The most obvious home for these virtual appliances is the data center, where enterprises have pools of virtualized servers hosting hundreds and thousands of virtual machines. However, in some cases, network services virtual appliances may benefit from being deployed on specialized computing resources. Some networking vendors are adding support for running virtual appliances within networking devices such as switches. Others are offering specialized hardware designed to support multiple virtual appliances and services on a single device.
Where to deploy virtual appliances?
Every deployment scenario is unique, so there is no superior method of deploying virtual appliances within your enterprise infrastructure. Some network services—such as a network sniffer—might benefit from living on a switch, where they can easily tap into traffic. Meanwhile, an ADC might perform better if it can live on the same host server as the application it is accelerating and travel with it when it migrates.
Virtual appliances offer engineers flexibility in how they deliver network services. While it is possible, for example, to deploy a virtual firewall as a virtual machine within a server rack in the data center, many organizations may want to have physical separation between a virtual firewall appliance and the general server racks in the data center. Engineers in this situation would deploy dedicated hardware for virtual security services at the network edge, rather than letting external traffic to travel into the server rack before it is inspected.
Also, many network teams will want direct control over the hardware that hosts their network services virtual appliances, rather than hosting them in a data center's general VMware environment. Ultimately, decisions regarding virtual appliance deployment will be tied more to the policies and personnel of an enterprise than to any technology challenges.

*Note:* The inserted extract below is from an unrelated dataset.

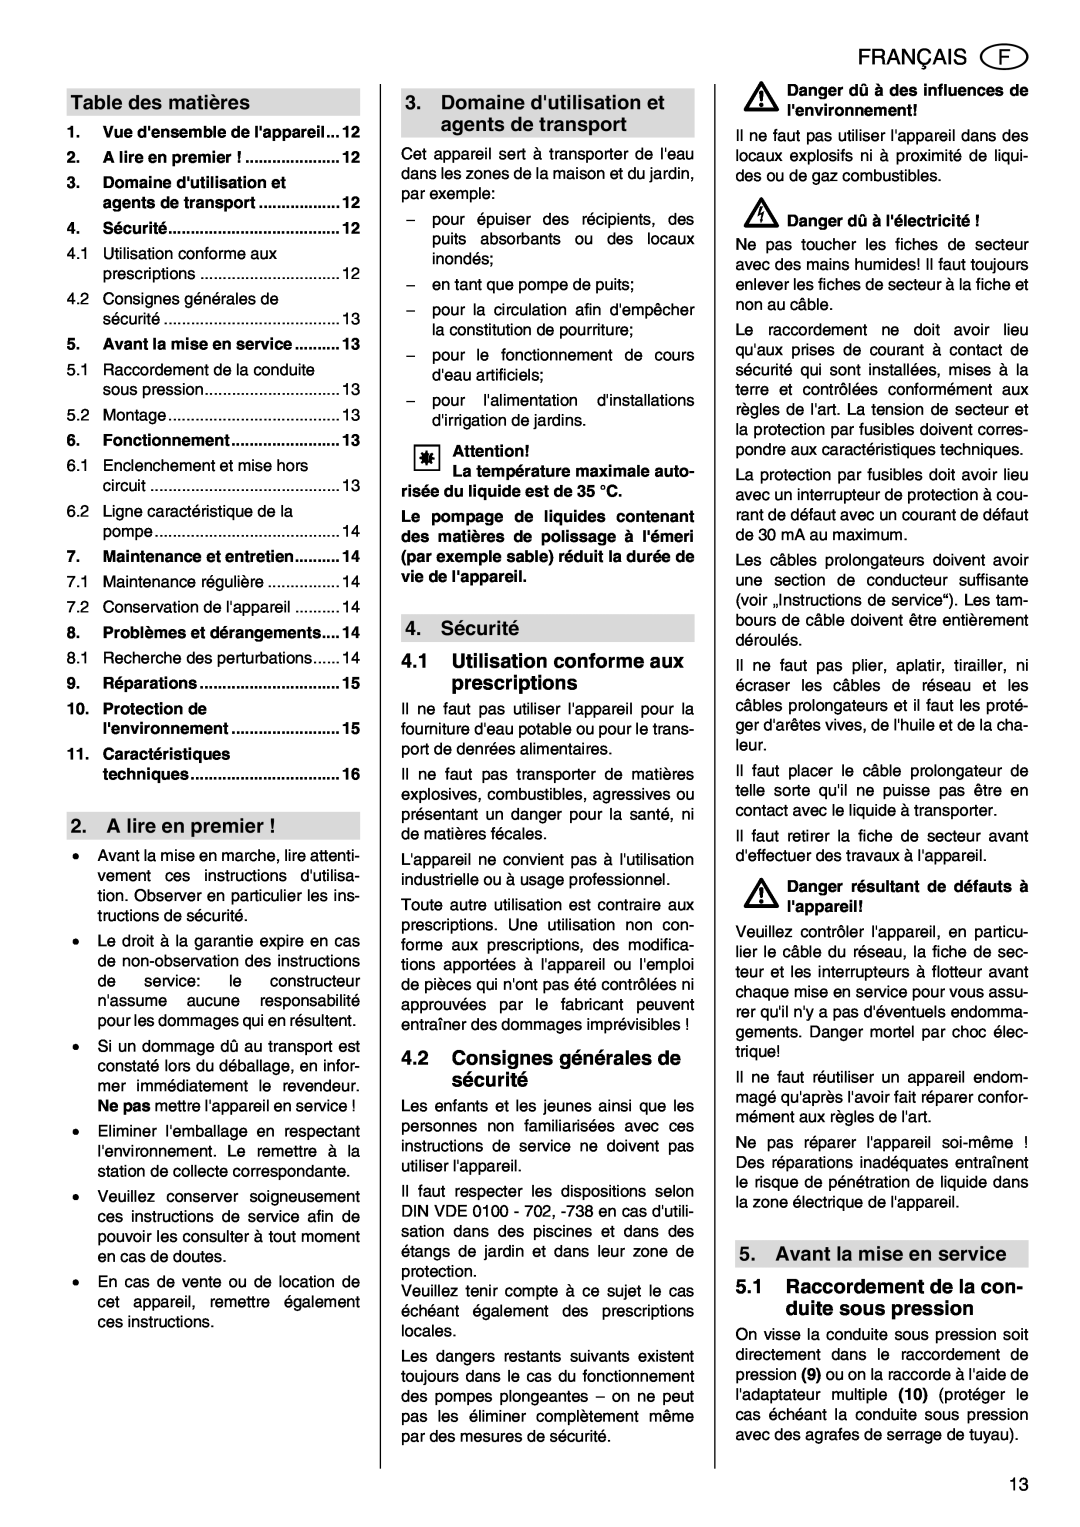 Metabo TDP 7500 S manual Français, Table des matières, A lire en premier, Domaine dutilisation et agents de transport

Examples of specialized hardware for virtual appliances
Force10 Networks’ new S7000 top-of-rack switch ships with expansion slots that can host up to four "appliance modules" with processing and memory resources capable of running virtual appliances directly on the switch. Force10 is working with partners to develop virtual appliances specifically designed to run on these appliance modules with tight integration into FTOS, the operating system that powers all of Force10's switches and routers. These appliance modules feature their own 64-bit processors, local memory and storage. Force10 suggests that customers host firewalls, packet sniffers and load balancers on these switches.
Cisco's Nexus 1010 Virtual Services Appliance was first introduced as a host for the Virtual Supervisor Module (VSM) of Cisco's Nexus 1000v virtual switch. Each VSM functions as a supervisor module for multiple Nexus 1000v Virtual Ethernet Modules (VEMs), which reside on VMware host servers. The Nexus 1010 is also capable of supporting multiple network services concurrently with the Nexus 1000v VSM. Cisco offers a virtual version of its Network Analysis Module for the Nexus 1010, and its forthcoming Virtual Security Gateway (VSG) will also run on the box.
Application delivery controller vendors such as F5 Networks, Citrix and Radware offer virtual appliances designed to operate alongside enterprise applications in a virtual environment. Radware has introduced the ADC-VX platform, which is hardware specifically designed to host virtual appliances. This dedicated hardware supports multiple virtual ADCs that can be spun up or down as needed. Each ADC operates independently of each other to support multi-tenant application delivery and isolation with the physical performance specifications that customers expect from a traditional hardware appliance.